Exactly the lines from the one holding "Would work well" through the last line of the listing below must appear in the answer, and no pictures.

INFORMATION PROVIDED:
- - -

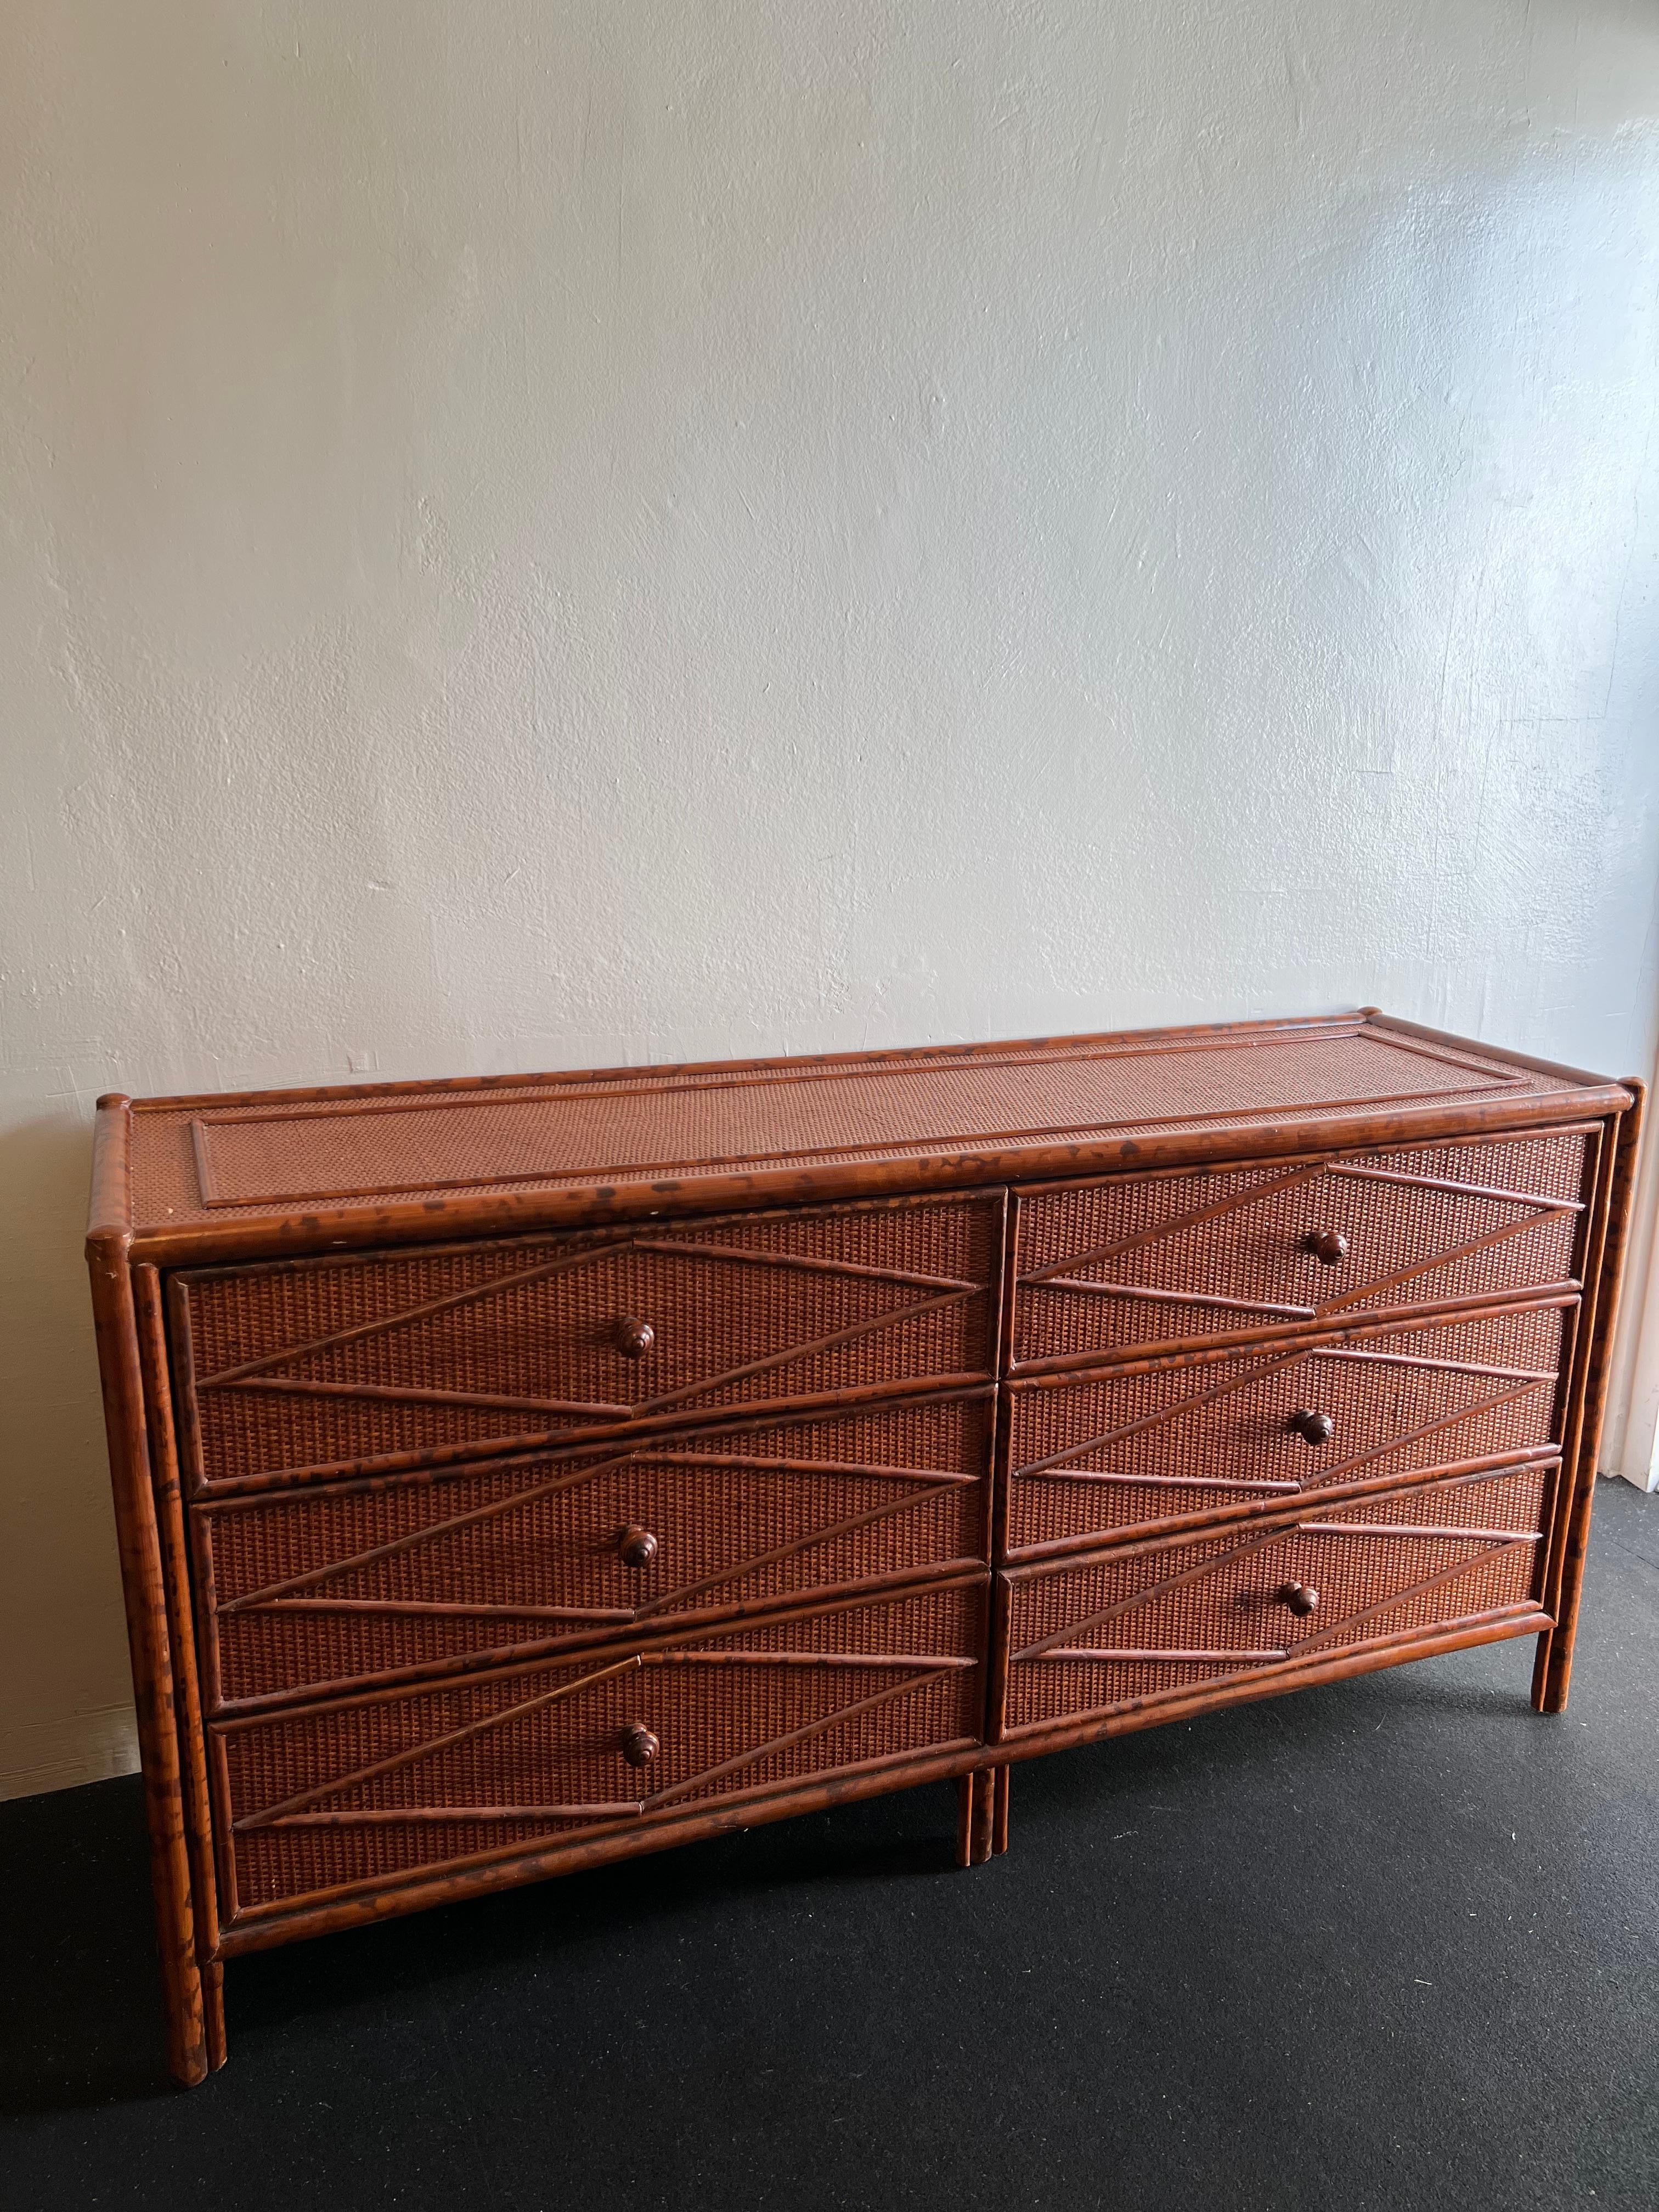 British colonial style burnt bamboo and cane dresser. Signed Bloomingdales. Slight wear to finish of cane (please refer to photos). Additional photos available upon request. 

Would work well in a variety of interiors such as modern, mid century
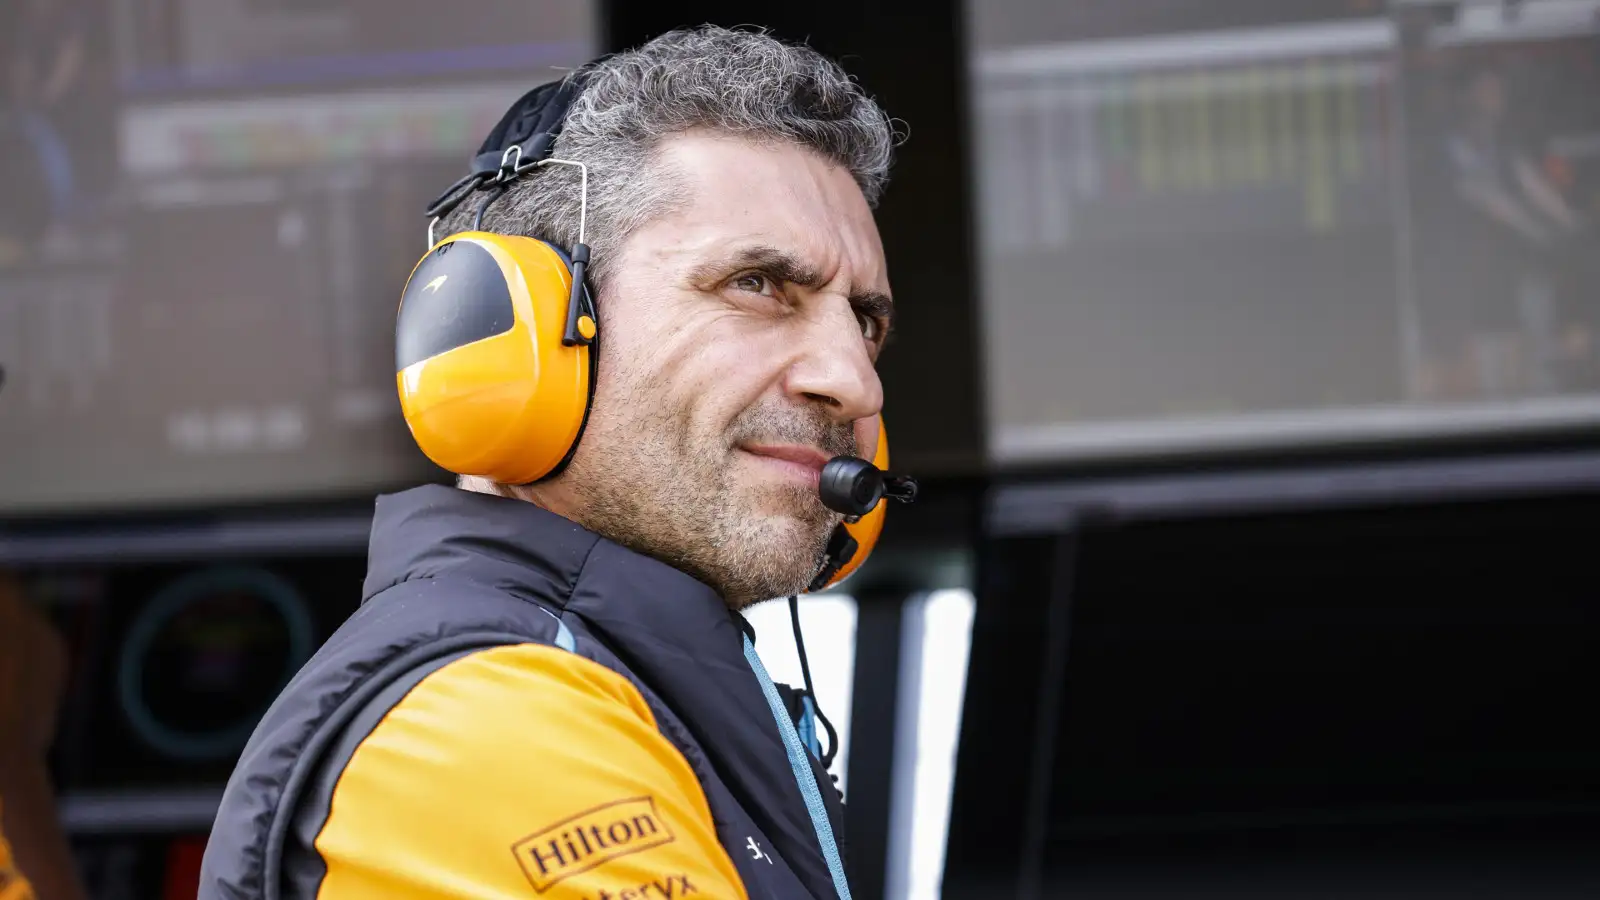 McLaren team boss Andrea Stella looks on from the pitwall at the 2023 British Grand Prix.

- - -

RESULT:
Would work well in a variety of interiors such as modern, mid century
 McLaren team boss Andrea Stella looks on from the pitwall at the 2023 British Grand Prix.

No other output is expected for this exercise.